Rodrigo Prats (February 7, 1909 – September 15, 1980) was a Cuban composer, arranger, violinist, pianist and orchestral director.

Biography 
The son of a musician, Jaime Prats, Rodrigo began to study music at the age of nine. He studied at first under his father, then under Emilio Reynosa, and finished later at the Conservatorio Orbón.

When only thirteen he played violin in the Cuban Jazz Band, the first band of its type in Cuba, which was directed by his father. At around the same time he joined the Orquesta Sinfónica de la Habana, founded by Gonzalo Roig. Prats' first work as a director of an orchestra was for the theatrical company of Arquímedes Pous; later he fronted many other groups. He was the founder of the radio band Orquesta Sinfónica del Aire, the Orquesta de Cámara del Círculo de Bellas Artes. He was deputy director of the Orquesta Filharmónica de la Habana, musical director of RHC-Cadena Azul, and of Canal 4 de TV. Prats was the founder and director at the Teatro Jorge Anckermann, and the musical director of the Teatro Lírico de La Habana. He joined the faculty of Havana's Studio Sylvia M. Goudie in 1956 after his stint at the Iranzo Conservatory.

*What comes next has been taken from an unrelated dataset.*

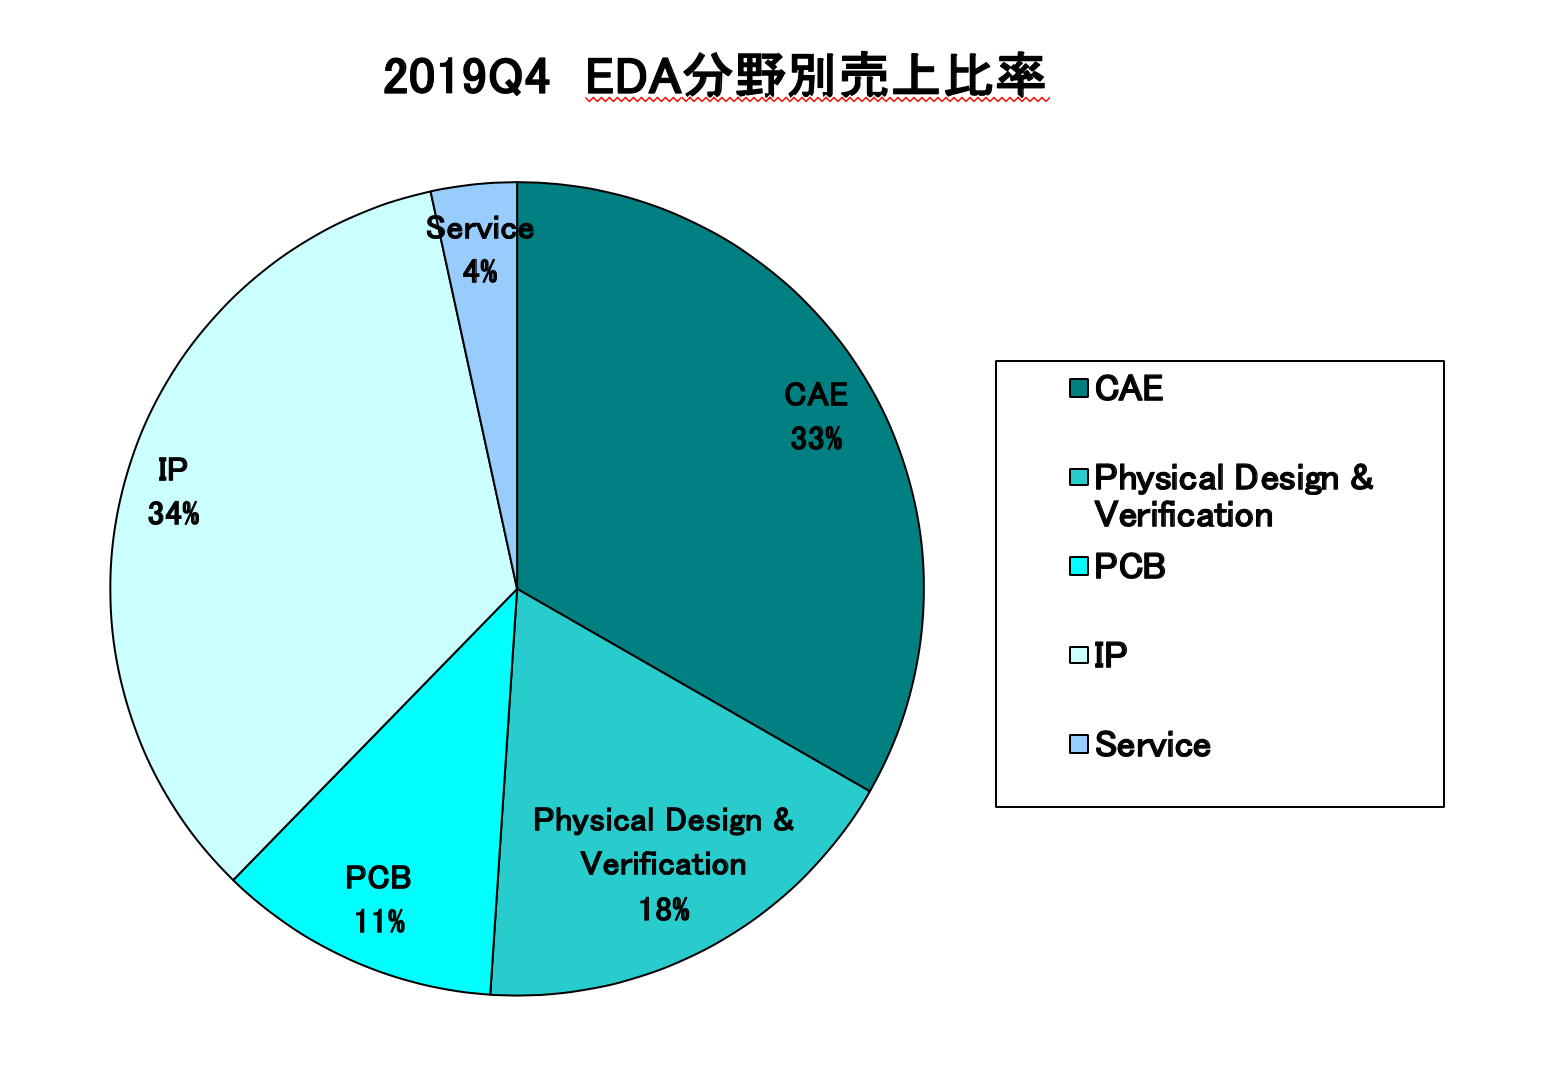 https://www.eda-express.com/%E3%82%B9%E3%82%AF%E3%83%AA%E3%83%BC%E3%83%B3%E3%82%B7%E3%83%A7%E3%83%83%E3%83%88%202020-03-26%209.37.37.png

His body of work includes popular music, sainetes (short comedies), and zarzuelas. Prats composed Una rosa de Francia, a famous criolla-bolero, at 15, and many other pieces, including Aquella noche, Espero de ti, Creo que te quiero and El tamalero. He wrote the music for sainetes such as El bravo and Soledad, and zarzuelas such as Amalia Batista, El pirata, Guamá, La perla del Caribe and María Belén Chacón. It is probably this work for the Cuban musical theatre for which he is best remembered.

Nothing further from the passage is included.